You know how we always say time flies? It actually does, I mean look at it this way, I’m turning 21 in a month time and yet it felt like yesterday where I just graduate from primary school (yea there’s a picture of my standard 6 face on FB and made me go OMG). Well, to be more realistic, can you imagine I’m already working for almost 5 months now? Wasn’t it just a few posts away where I posted my first day at work? Hmmm… However, I’m still not getting bored of that view of Sunway Lagoon every time I walked toward Pyramid or that wonderful smell of food from Atrium when I’m walking to Pyramid. I find it spectacular, that one man’s vision can turn a mining place to such wonderland we are looking at today. Which brings me to what I’m trying to say, the future; don’t you think it’s scary that we’ll never know what is there for us? Me being me, I over think a lot and the feeling of being there in the future scares me. I mean, what if I can never earn enough money to support myself and fulfill my dreams or I can’t even afford a house and stuff? What if I never have that vision of what I want to do, and I get stuck here?

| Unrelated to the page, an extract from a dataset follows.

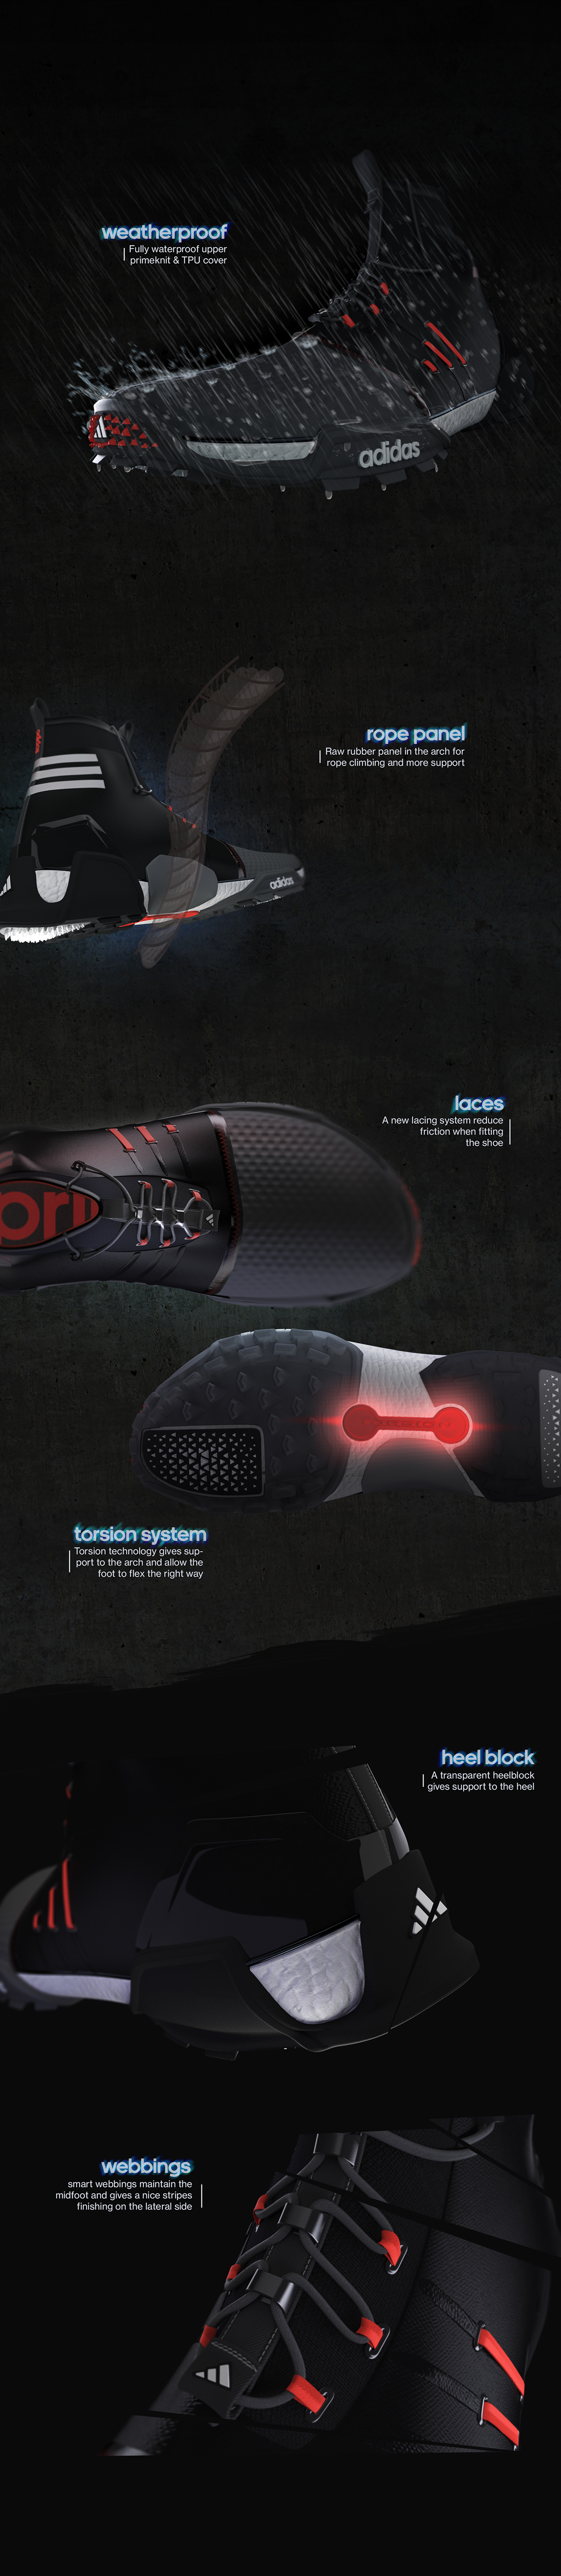 footwear design adidas boost sketch 3D rendering industrial+design digital rendering photoshop

The future is so scary, I vaguely remember I wanted to get married when I reach the age of 25 (ok every girl has an ideal age ok I don’t want to get a baby when I’m like 40 ok)and I’m already going 21. Yet I don’t think I’ll ever be ready for it, marriage, I mean. Who will? Will we ever find the right person? You can be with someone now and that person don’t share the same view as you, making you think twice of ever being together forever with this person, or you are with someone younger and all they wanted to do is to have fun, or you are never comfortable enough with this person you are with to marry them, or even, you might have met this person but they are already taken, or attached, or maybe you’re with the perfect person but you needed to leave and commitment is not your thing now. How scary, you can meet the right person the wrong time and everything is screwed. I’m so afraid of this, so afraid of commitments and the thought of being with one person forever and trying to figure out if they are really the one for me. Wow. Tough.
Ok, I have a secret to share and after today it won’t be a secret anymore but it’s so scary I need to tell the whole world. I have the weirdest craving for babies. Oh no, I don’t want to eat them but I’d like to have one. Weird? I know. It’s so weird that every time I look at a baby I feel that feeling of ever having one and stuff, and I would imagine how she would look like. Funny but strange because I cannot afford to ever have a child at this age, I mean, look at the future I will be throwing away. Oh well, I guess it’s a girl thing that we all have that motherly thing in us, maybe? But seriously, I’d like to have a baby but can it just stay a baby and not grow up? Haha. Kids are evil, just look at my fat brother. Urgh. So if you have a daughter I don’t mind being her god mother haha. I’d spoilt her to the max, I know. =p Btw, one of the only things that amuse me is a cute baby, or a puppy. Such weird combo but it’s true. I easily gets distracted by these two things. The other day I went to makan and there was this couple with a seriously adorable puppy and it was seating right in front of me but outside the window… I was practically staring at it all the time! The only time I’d look away is when a kid came through the door, haha. See what I mean?
By the way, have you felt that you’re asking too much out of life and just wonder if you are too greedy? I secretly do. Alright not so secret now but I still wanted more from whatever I’m having now. Greedy Shing. Smack head. Talking about heads, I have this same song that's been playing in my head for three days now and it's not going away. It's a song called "ice cream" and it gives that really soothing feeling that makes you want to go to sleep. But three days?! The same song?! Well, I'm not complaining. :)
Someone borrowed my shoulder to cry on just now, and somehow she managed to made me feel sad too. Sometimes I wish I wasn't such an emo person. Oh well, too bad I am. Guess that's what made Shing awesome (as usual).
Oh, right, see what I told you bout the hunch. Messy, eh?